• [Supplied material]:
- - - -

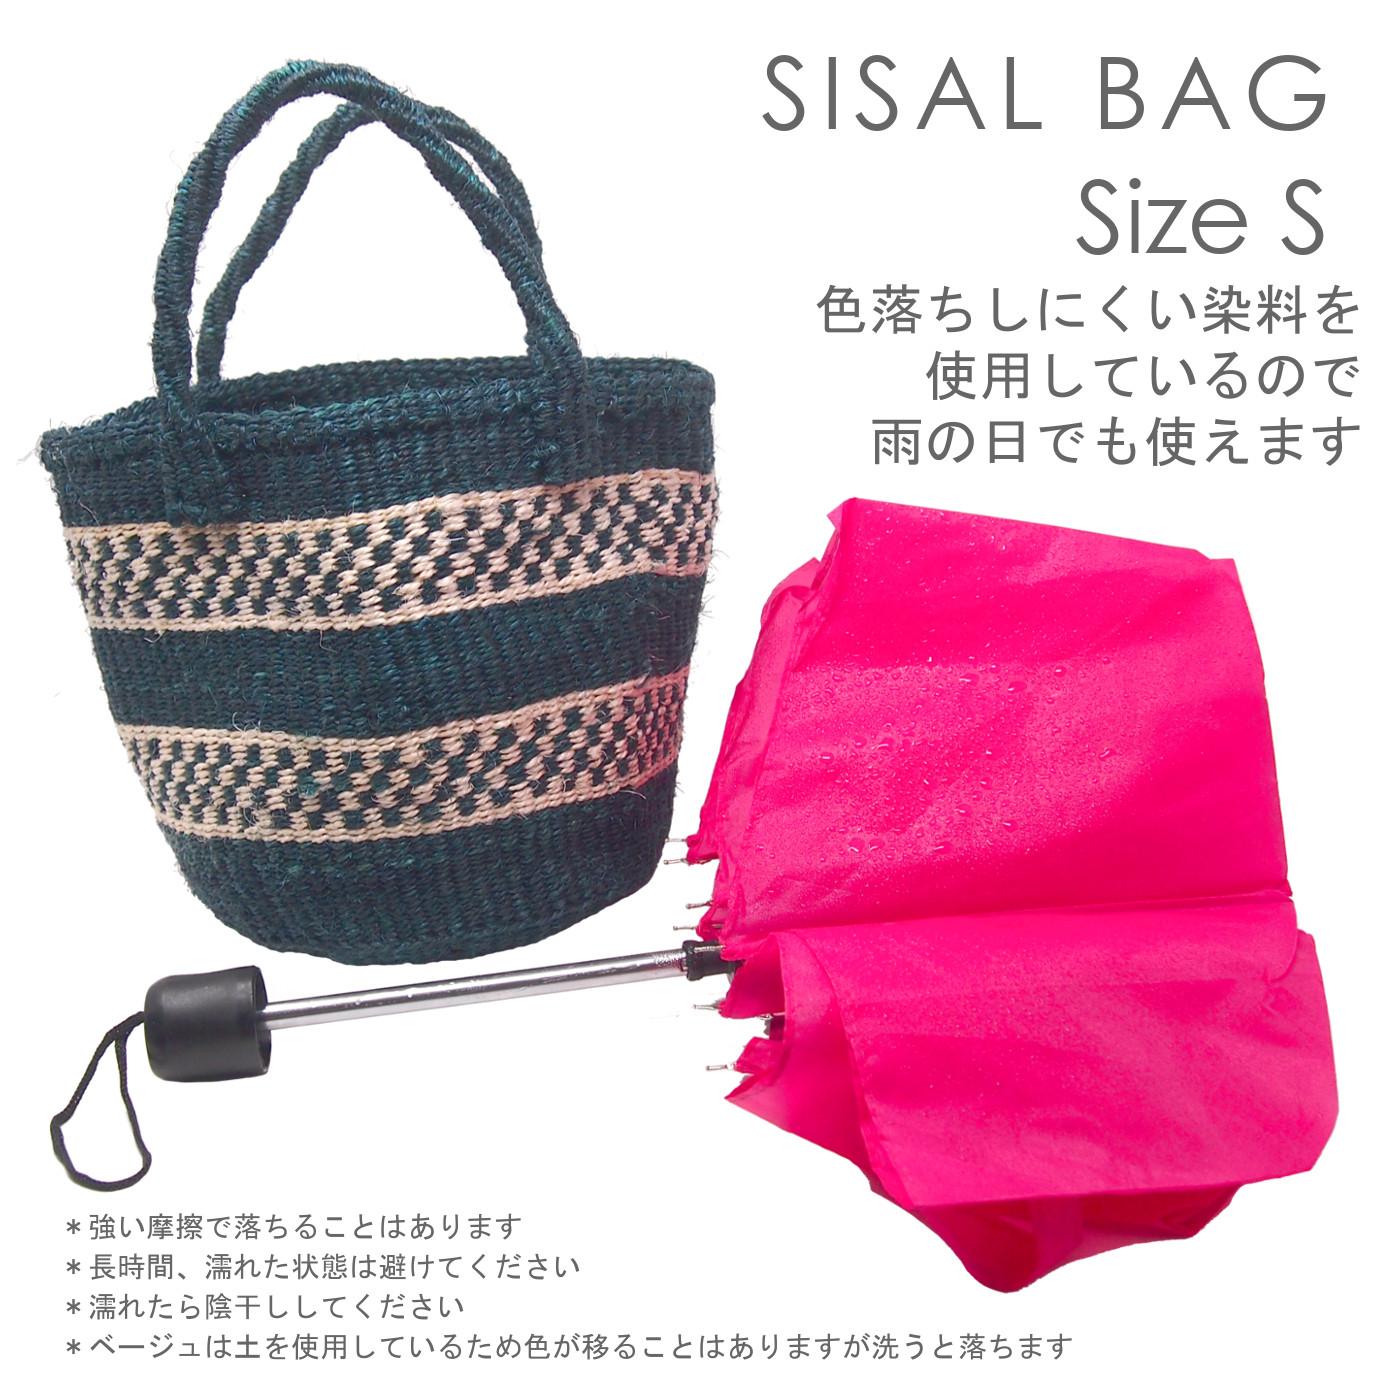 サイザルバッグ Sサイズ ツーピース ナチュラル・ピンク
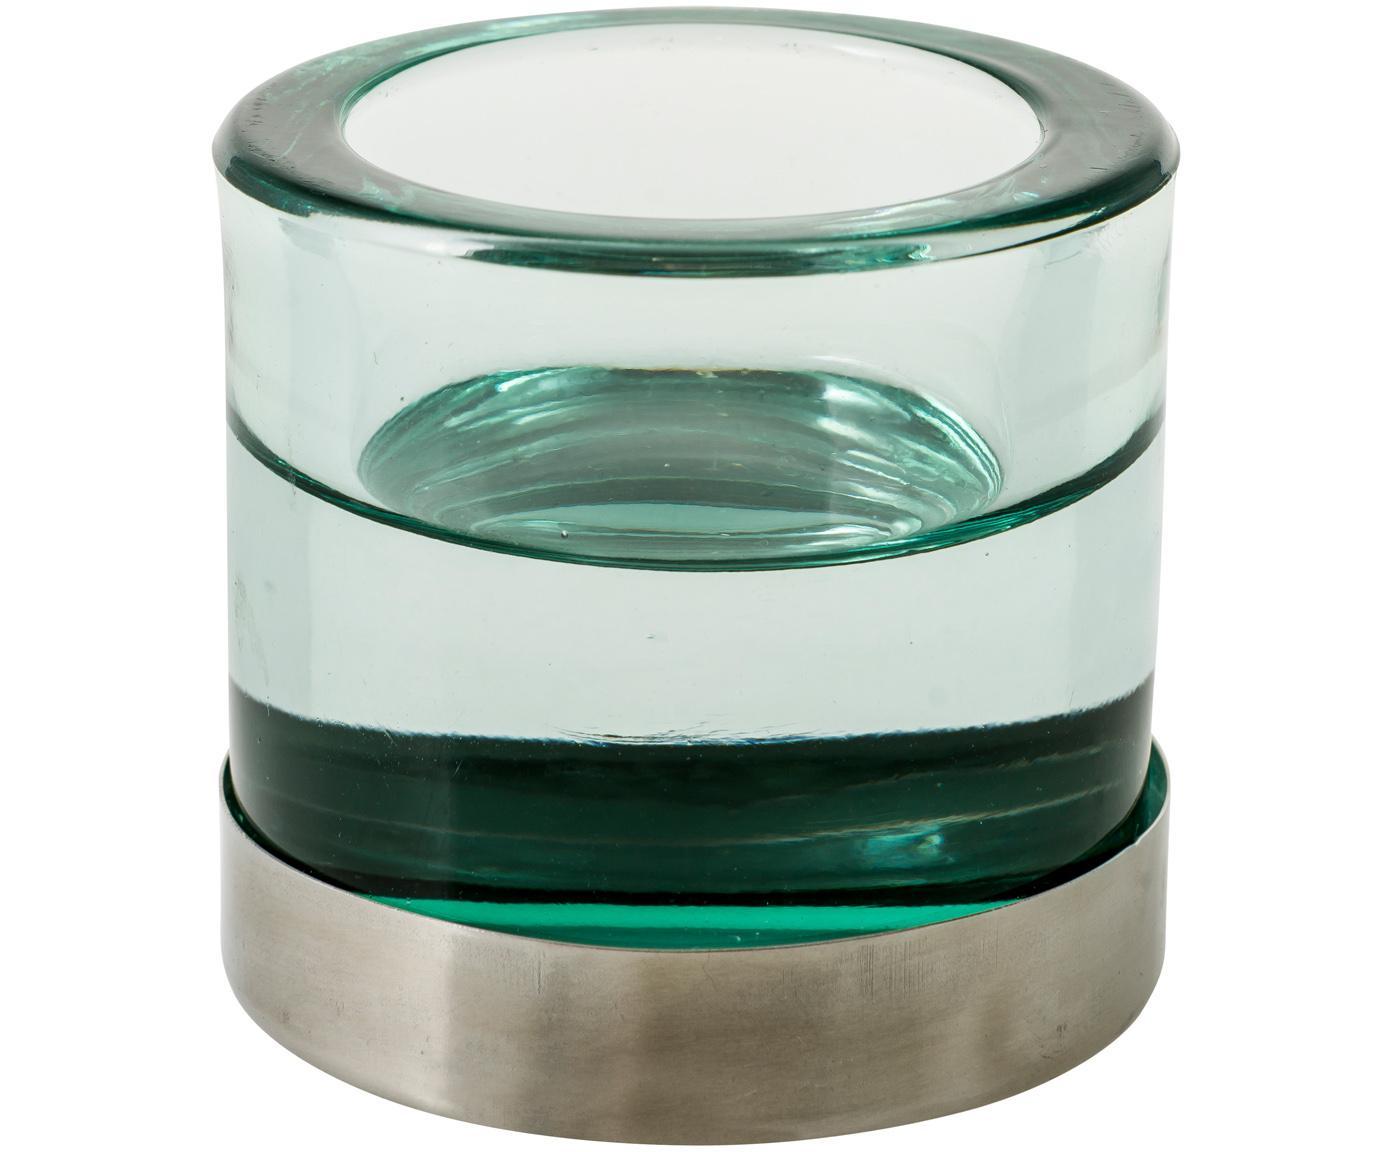 Teelichthalter Blanka, Glas, Metall, Grün, Silberfarben, Ø 6 x H 6 cm
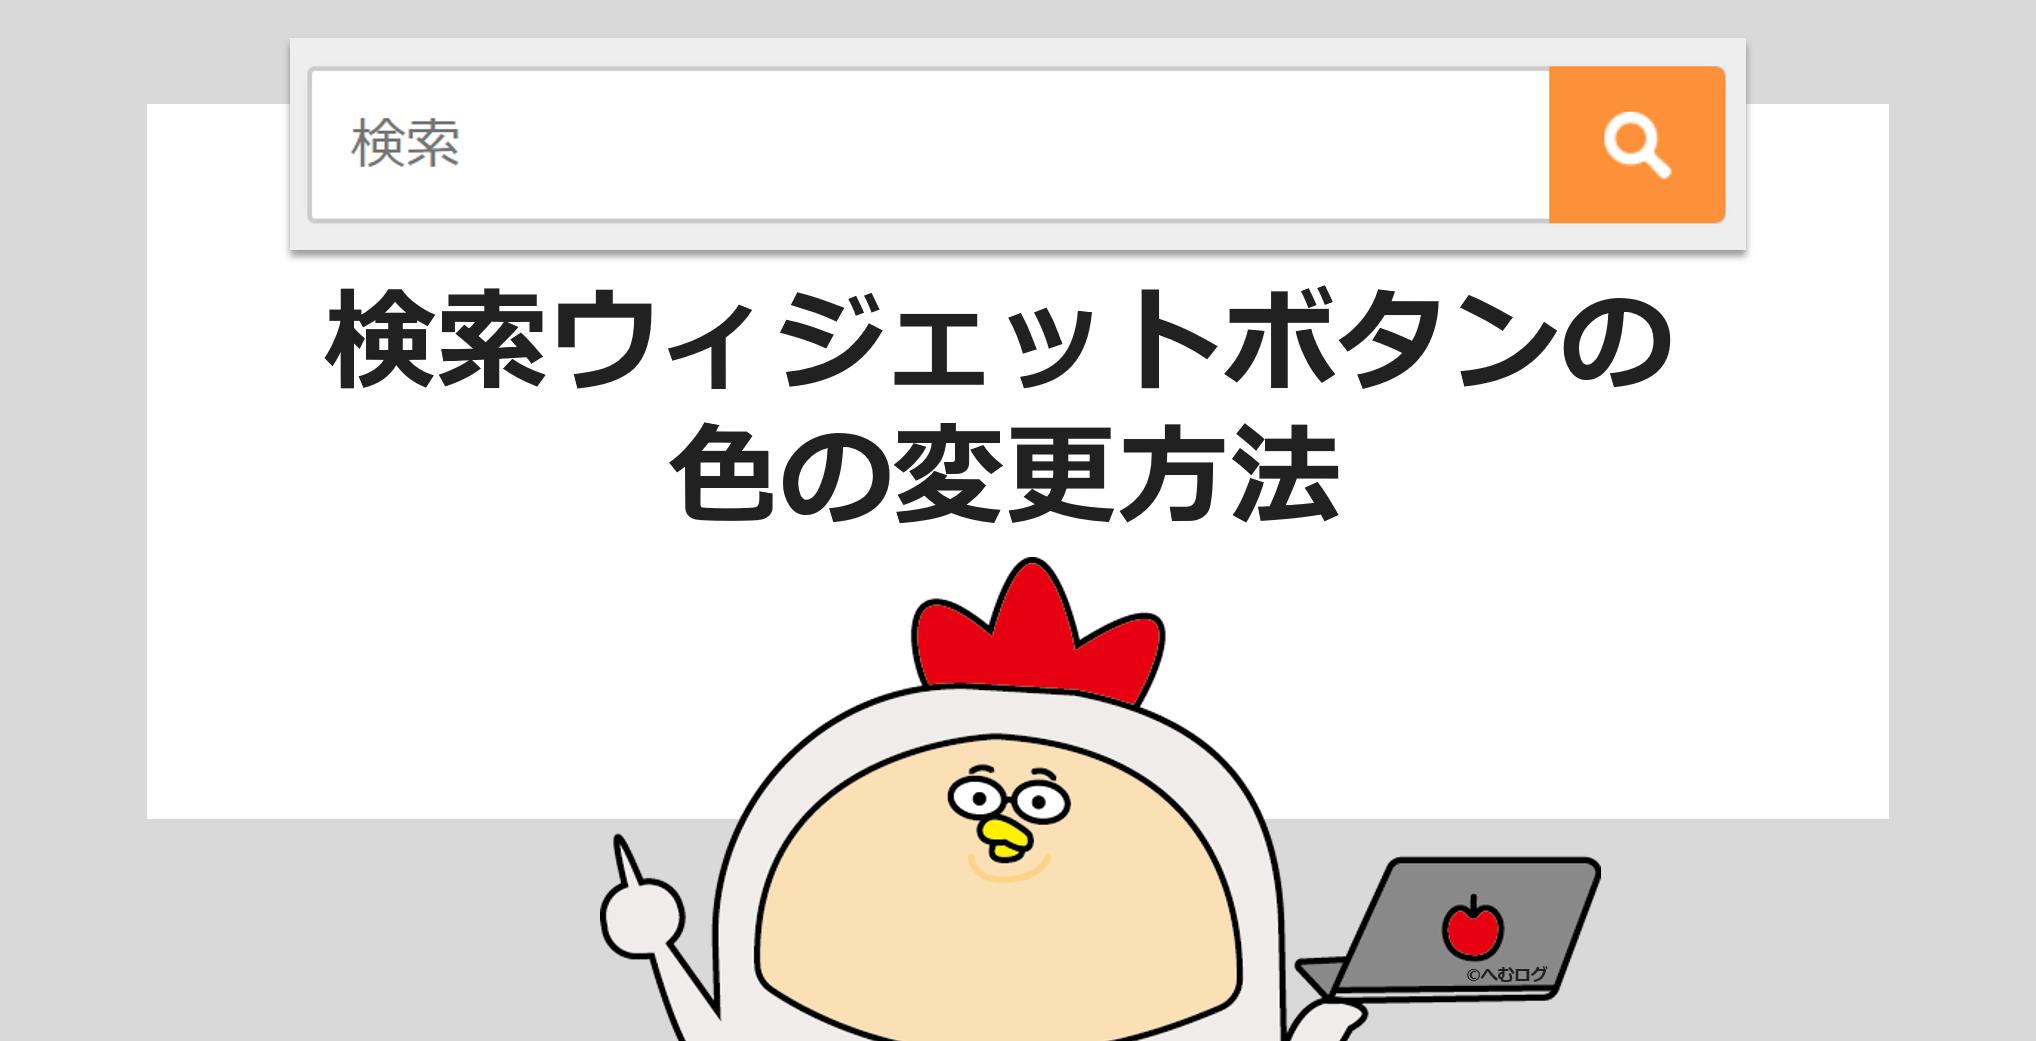 【DIVER】検索ウィジェットの色を変更する方法

- - - -

• [What is being asked]: Start at the first line and set down all of the data exactly, passing over the pictures.

• [Worked solution]:
 サイザルバッグ Sサイズ ツーピース ナチュラル・ピンク
 Teelichthalter Blanka, Glas, Metall, Grün, Silberfarben, Ø 6 x H 6 cm
 【DIVER】検索ウィジェットの色を変更する方法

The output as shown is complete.